O Fiagro SNFZ11 manteve a distribuição de R$ 0,10 por cota em março de 2025, preservando a previsibilidade mensal adotada no segundo semestre do ano anterior. O valor implica dividend yield anualizado próximo de 13,04%, reforçando o apelo de renda recorrente do fundo. Além disso, o número de investidores alcançou 12.073 cotistas, novo recorde da base.
A produtividade no portfólio superou as projeções. A Fazenda Coliseu atingiu 60,44 sacas por hectare, a Triângulo marcou 60,19 sc/ha e a Xavante registrou 63,18 sc/ha, todas acima das expectativas iniciais. Esse desempenho cria gatilhos de remuneração adicional nos contratos de arrendamento.
Com a performance agrícola acima da média, os contratos atrelados à produtividade garantem receitas extras. Em março, aproximadamente R$ 1,2 milhão foi distribuído aos cotistas, somando-se ao fluxo mensal de proventos. A disciplina operacional e a gestão de risco contribuíram para a consistência desses resultados.
A safrinha de milho ganhou protagonismo no agronegócio, elevando a previsibilidade de caixa ao longo do ano. Segundo a Conab, a segunda safra deve responder por 75% a 80% da produção brasileira de milho em 2025/26. Avanços tecnológicos, sementes precoces e mecanização aumentaram a eficiência, diluindo custos fixos.
Essa dinâmica fortalece a resiliência do caixa do fundo, mesmo em cenários de volatilidade climática. A combinação entre produtividade acima do esperado e contratos indexados à safra ajuda a estabilizar a geração de resultados, criando um colchão para períodos menos favoráveis.

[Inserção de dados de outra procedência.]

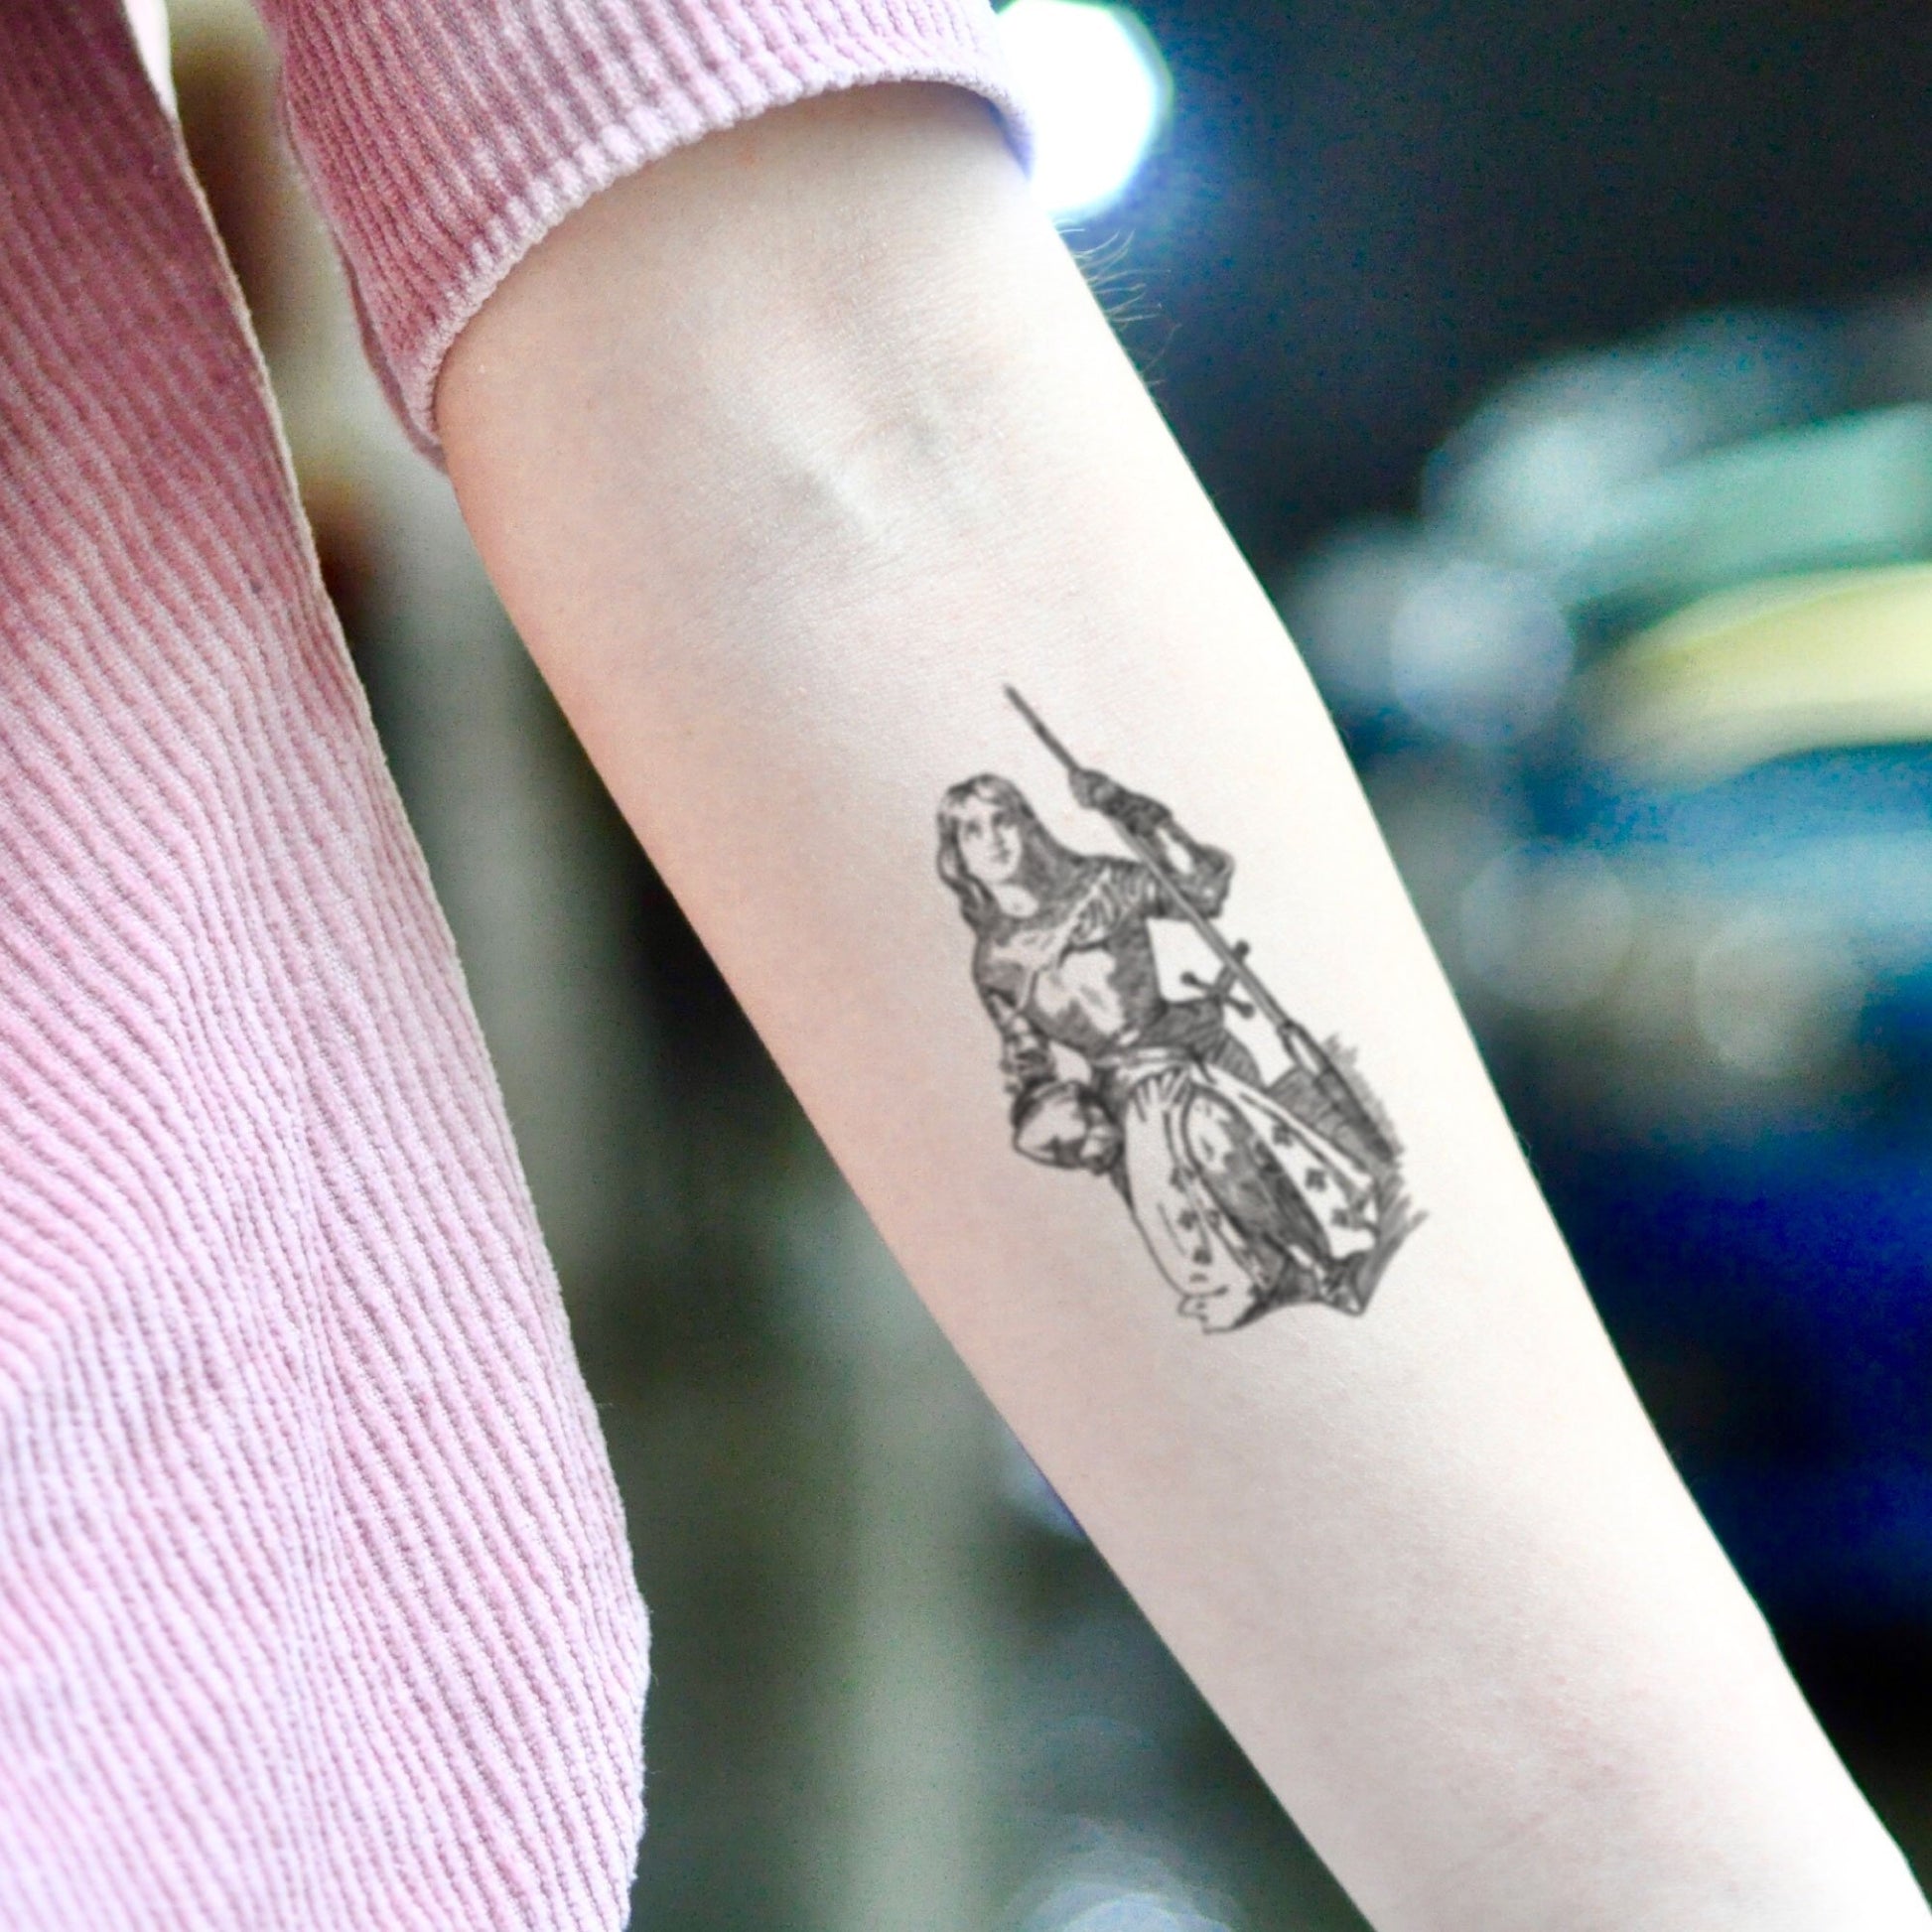 fake small joan of arc illustrative temporary tattoo sticker design idea on inner arm
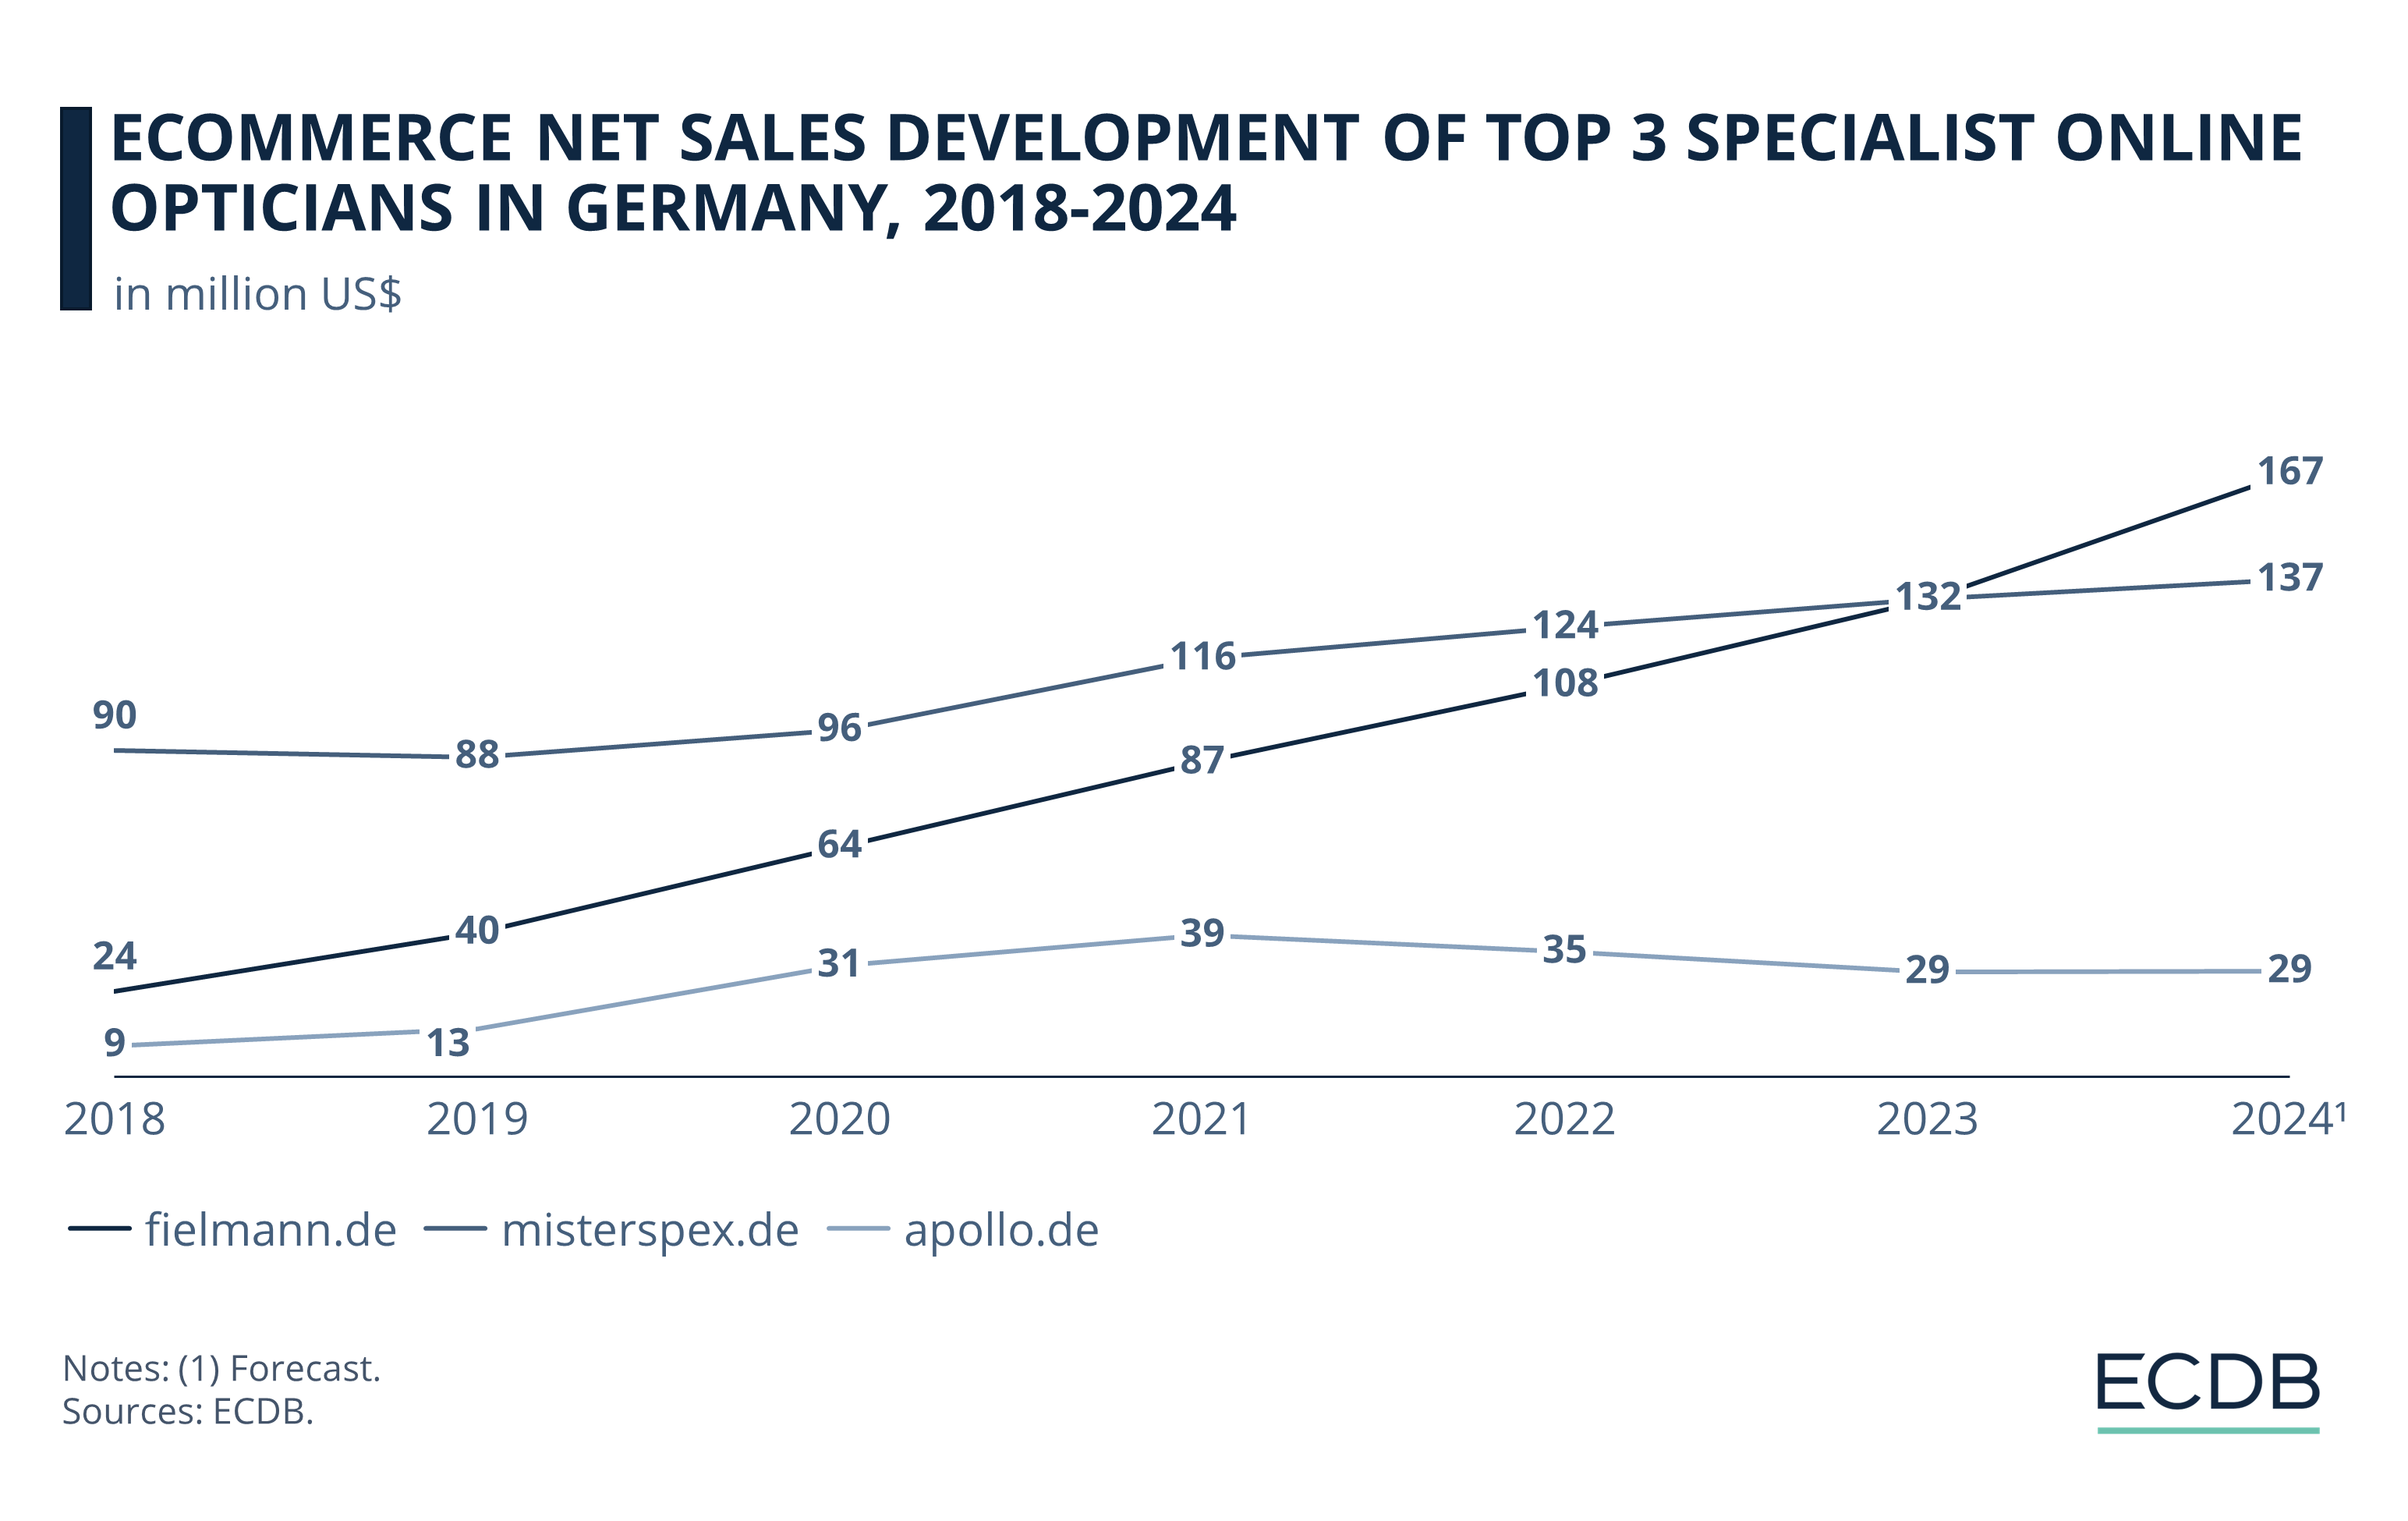 eCommerce Net Sales Development of Top 3 Specialist Online Opticians in Germany, 2018-2024

Os CRA seguem como pilar de renda no portfólio. O SNFZ11 mantém cerca de R$ 81 milhões em títulos remunerados a CDI + 4%, oferecendo retorno atrativo em ambiente de Selic elevada. Ao lado dos arrendamentos, essa carteira confere diversificação e menor sensibilidade à sazonalidade agrícola.
Por fim, o Fiagro sustenta uma estratégia híbrida: geração mensal de renda por meio de CRA e arrendamentos, com potencial de valorização patrimonial via ganhos de produtividade. A consistência dos proventos, o crescimento da base de cotistas e o alinhamento contratual à performance agrícola compõem um quadro favorável para o investidor de renda.